I've adopted a slightly different solution;
First create a new script, eclipse.sh, that starts eclipse, mine look like this:
#!/bin/bash
GTK2_RC_FILES=/usr/share/eclipse/gtkrc-2.0-eclipse /usr/share/eclipse/eclipse
Then create the gtkrc file (/usr/share/eclipse/gtkrc-2.0-eclipse), mine look like this (it have some other changes as well to make better use of the screen):
style "my-tooltips"
{
bg[NORMAL] = "#FFFFAF"
fg[NORMAL] = "#000000"
}
widget "gtk-tooltip*" style "my-tooltips"
style "gtkcompact"
{
font_name="Ubuntu Light 11"
GtkButton::default_border={0,0,0,0}
GtkButton::default_outside_border={0,0,0,0}
GtkButtonBox::child_min_width=0
GtkButtonBox::child_min_heigth=0
GtkButtonBox::child_internal_pad_x=4
GtkButtonBox::child_internal_pad_y=4
GtkMenu::vertical-padding=1
GtkMenuBar::internal_padding=0
GtkMenuItem::horizontal_padding=4
GtkToolbar::internal-padding=1
GtkToolbar::space-size=1
GtkOptionMenu::indicator_size=0
GtkOptionMenu::indicator_spacing=0
GtkPaned::handle_size=4
GtkRange::trough_border=0
GtkRange::stepper_spacing=0
GtkScale::value_spacing=0
GtkScrolledWindow::scrollbar_spacing=0
GtkExpander::expander_size=10
GtkExpander::expander_spacing=0
GtkTreeView::vertical-separator=0
GtkTreeView::horizontal-separator=0
GtkTreeView::expander-size=10
GtkTreeView::fixed-height-mode=TRUE
GtkWidget::focus_padding=0
GtkTreeView::vertical-separator = 0
}
class "GtkWidget" style "gtkcompact"
style "gtkcompactextra"
{
xthickness=0
ythickness=0
}
class "GtkButton" style "gtkcompactextra"
class "GtkToolbar" style "gtkcompactextra"

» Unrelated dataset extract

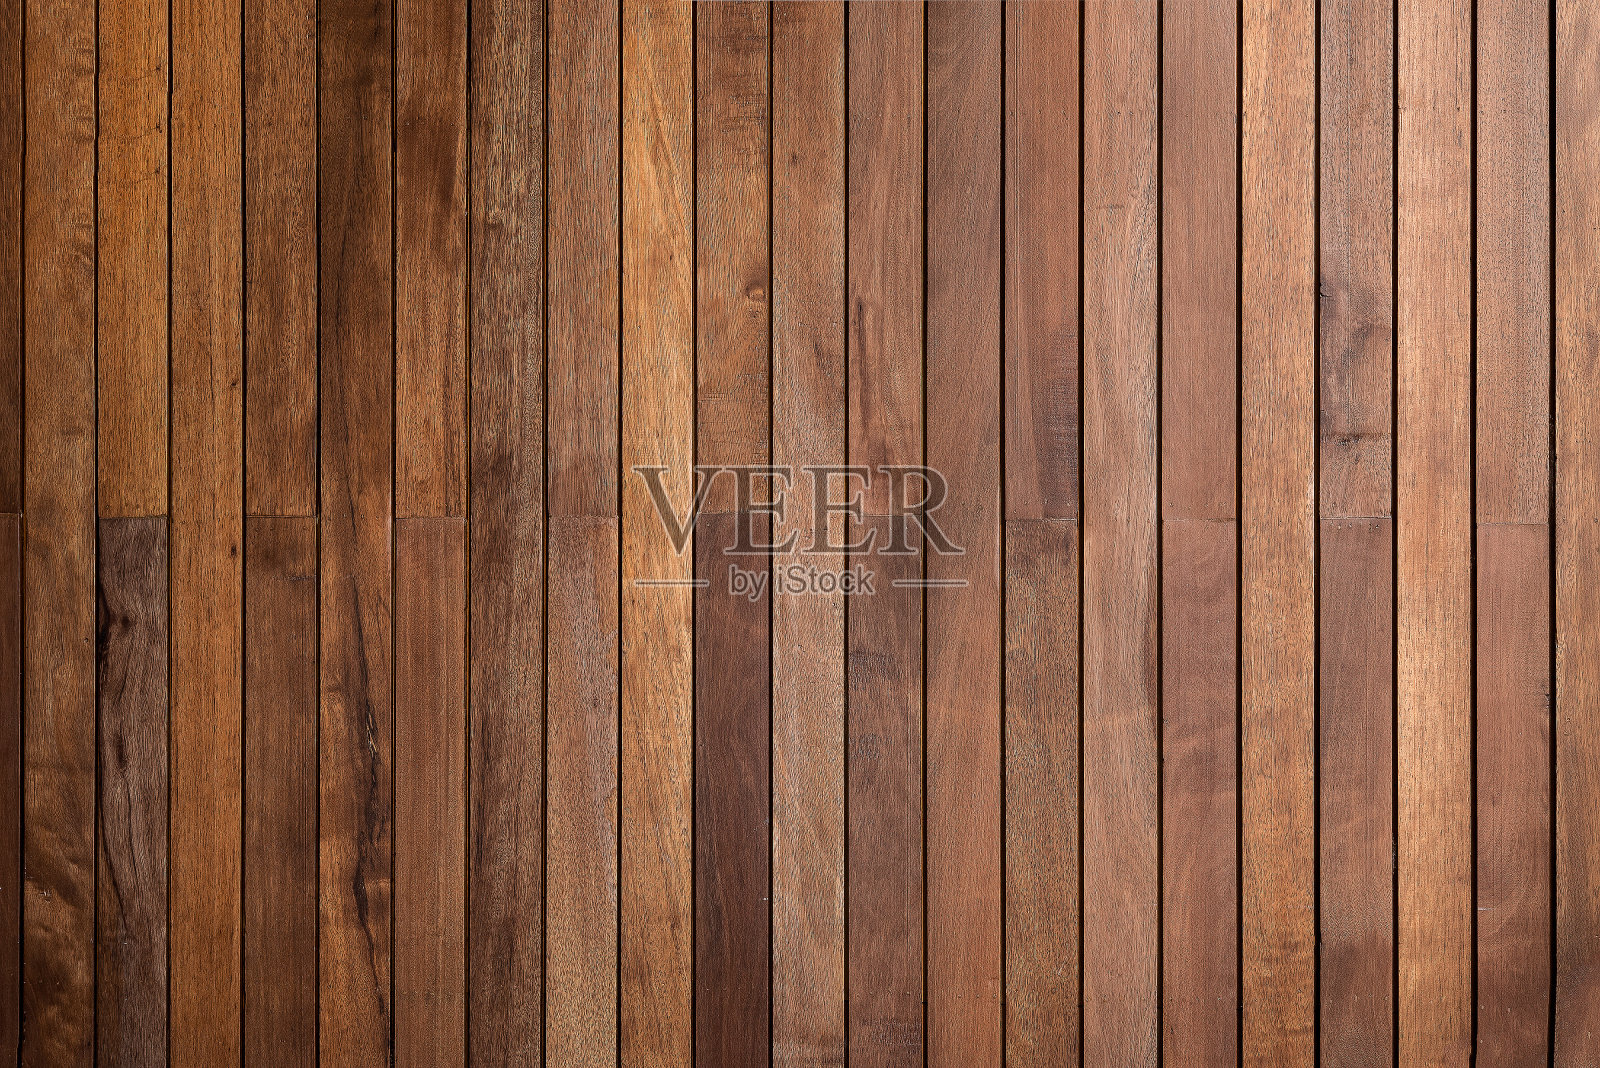 木材木材棕色橡木板用作背景插画图片素材

class "GtkPaned" style "gtkcompactextra"
class "GtkNotebook" style "gtkcompact"
window -> preferences -> general -> Appearance -> Color&Fonts -> Java (necessary language, example java) -> Javadoc text color (or Javadoc background)
Since Eclipse Oxygen (4.7) this color can be configured in Window > Preferences: General > Appearance > Colors and Fonts by changing the Basic > Information background color.